§ **Activity**
Wherever the listing holds a picture, leave it out, and copy the remainder exactly.

§ **Data provided**
■ ■ ■ ■ ■

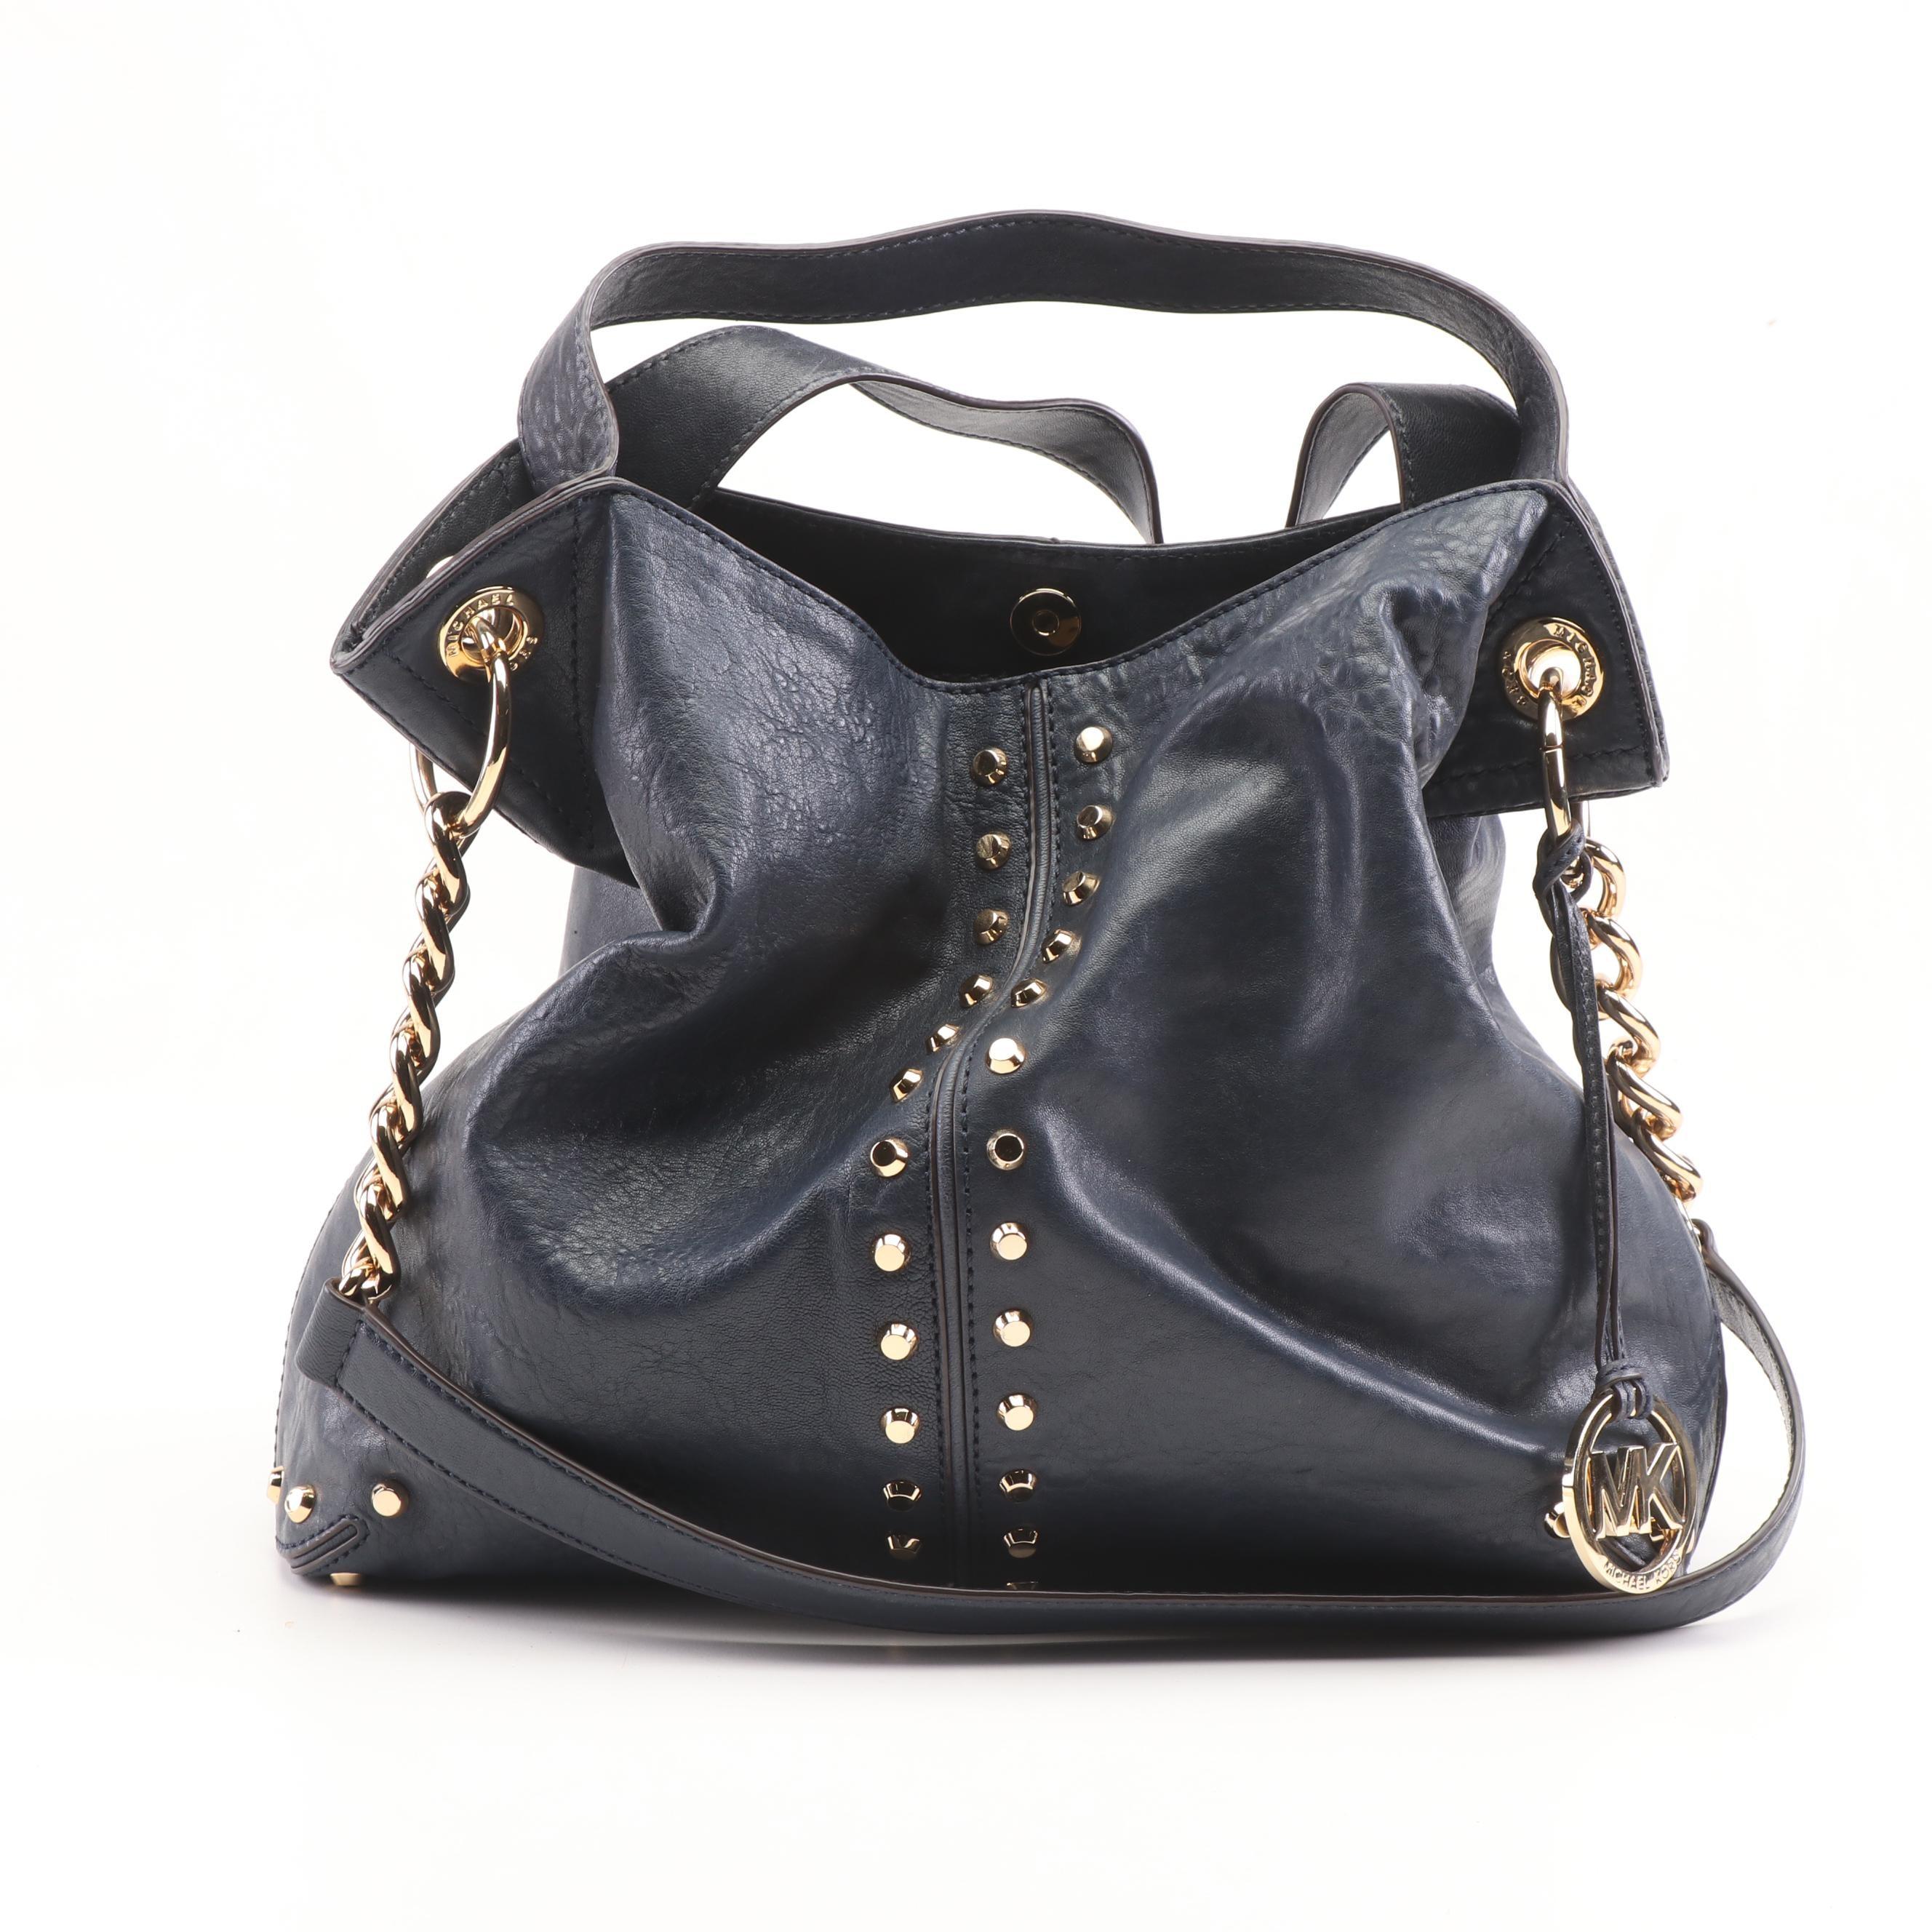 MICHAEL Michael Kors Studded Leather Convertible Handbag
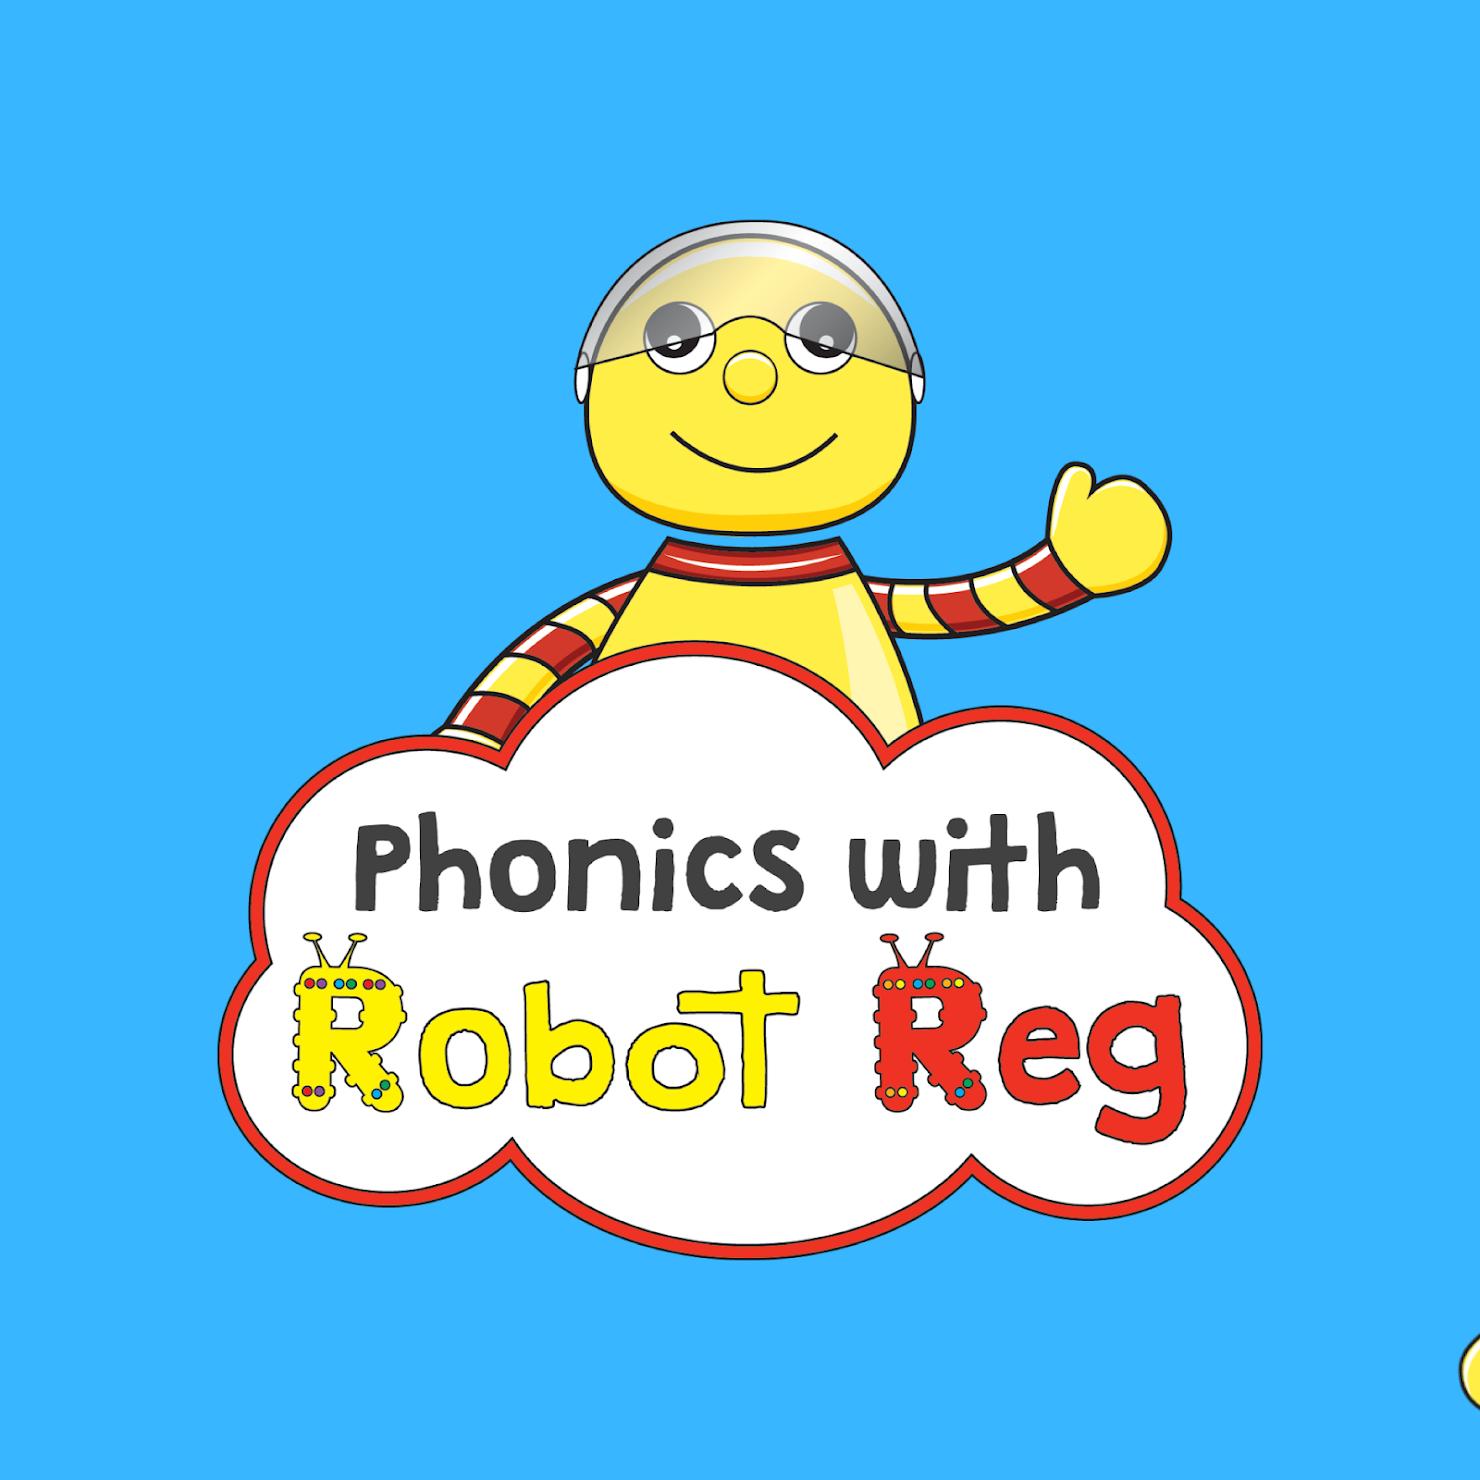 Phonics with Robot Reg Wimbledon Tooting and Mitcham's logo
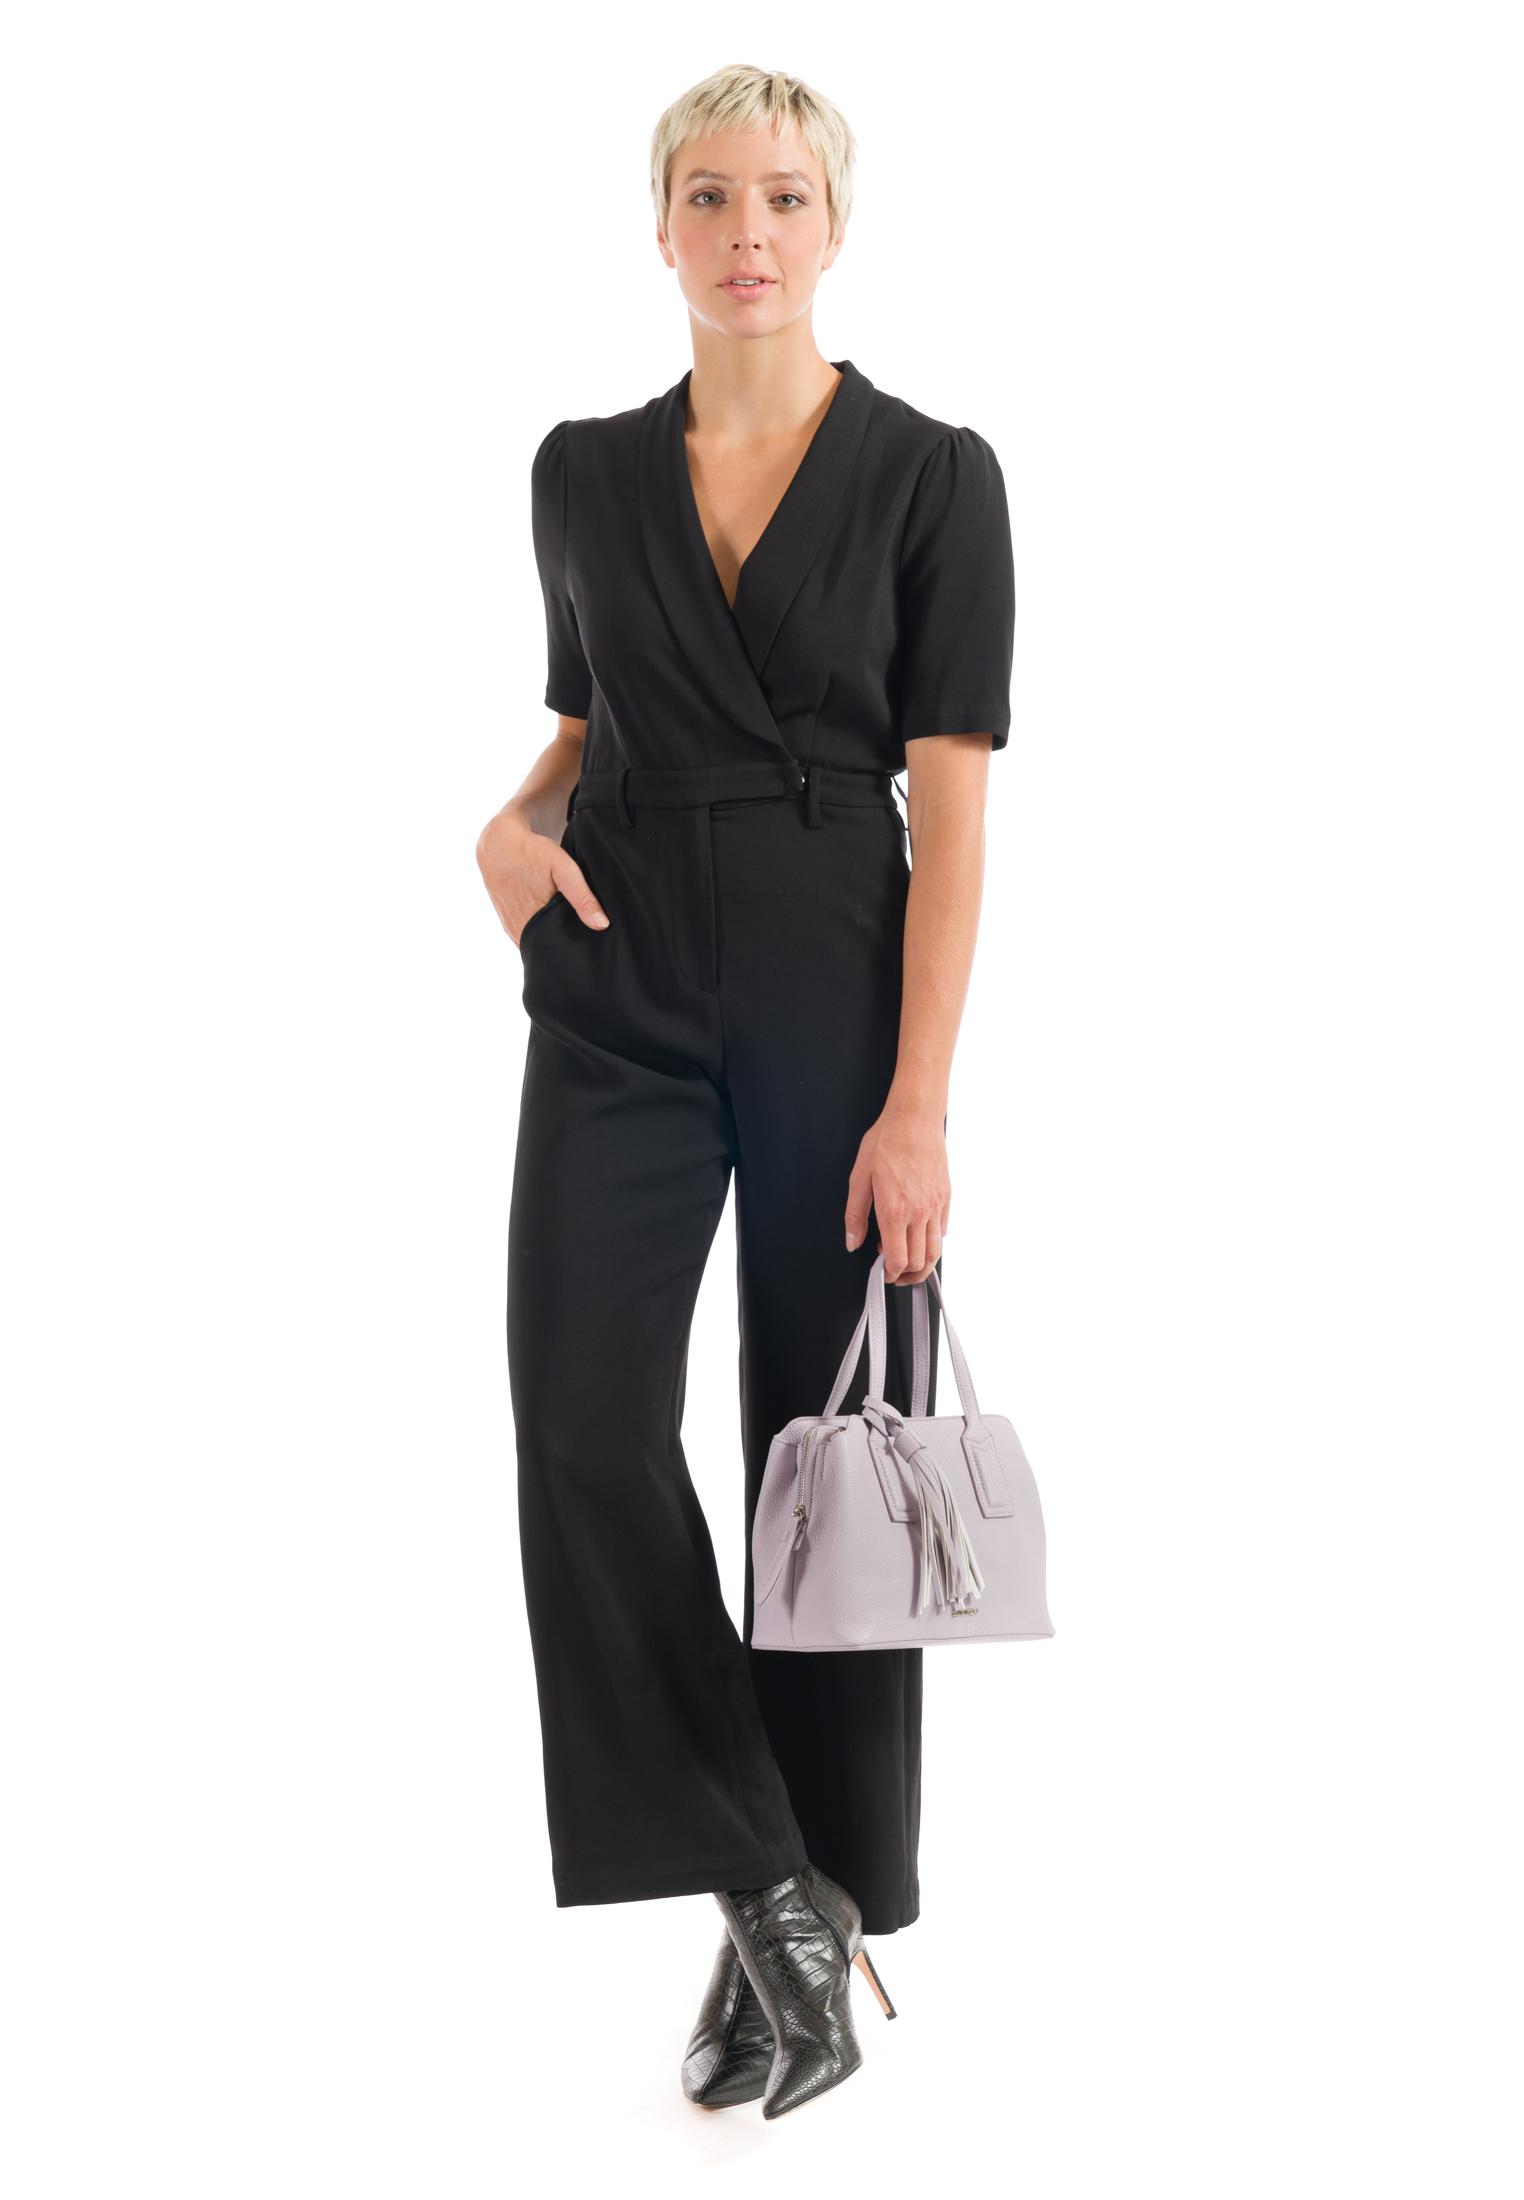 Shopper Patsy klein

■ ■ ■ ■ ■

§ **Response**
 MICHAEL Michael Kors Studded Leather Convertible Handbag
 Phonics with Robot Reg Wimbledon Tooting and Mitcham's logo
 Shopper Patsy klein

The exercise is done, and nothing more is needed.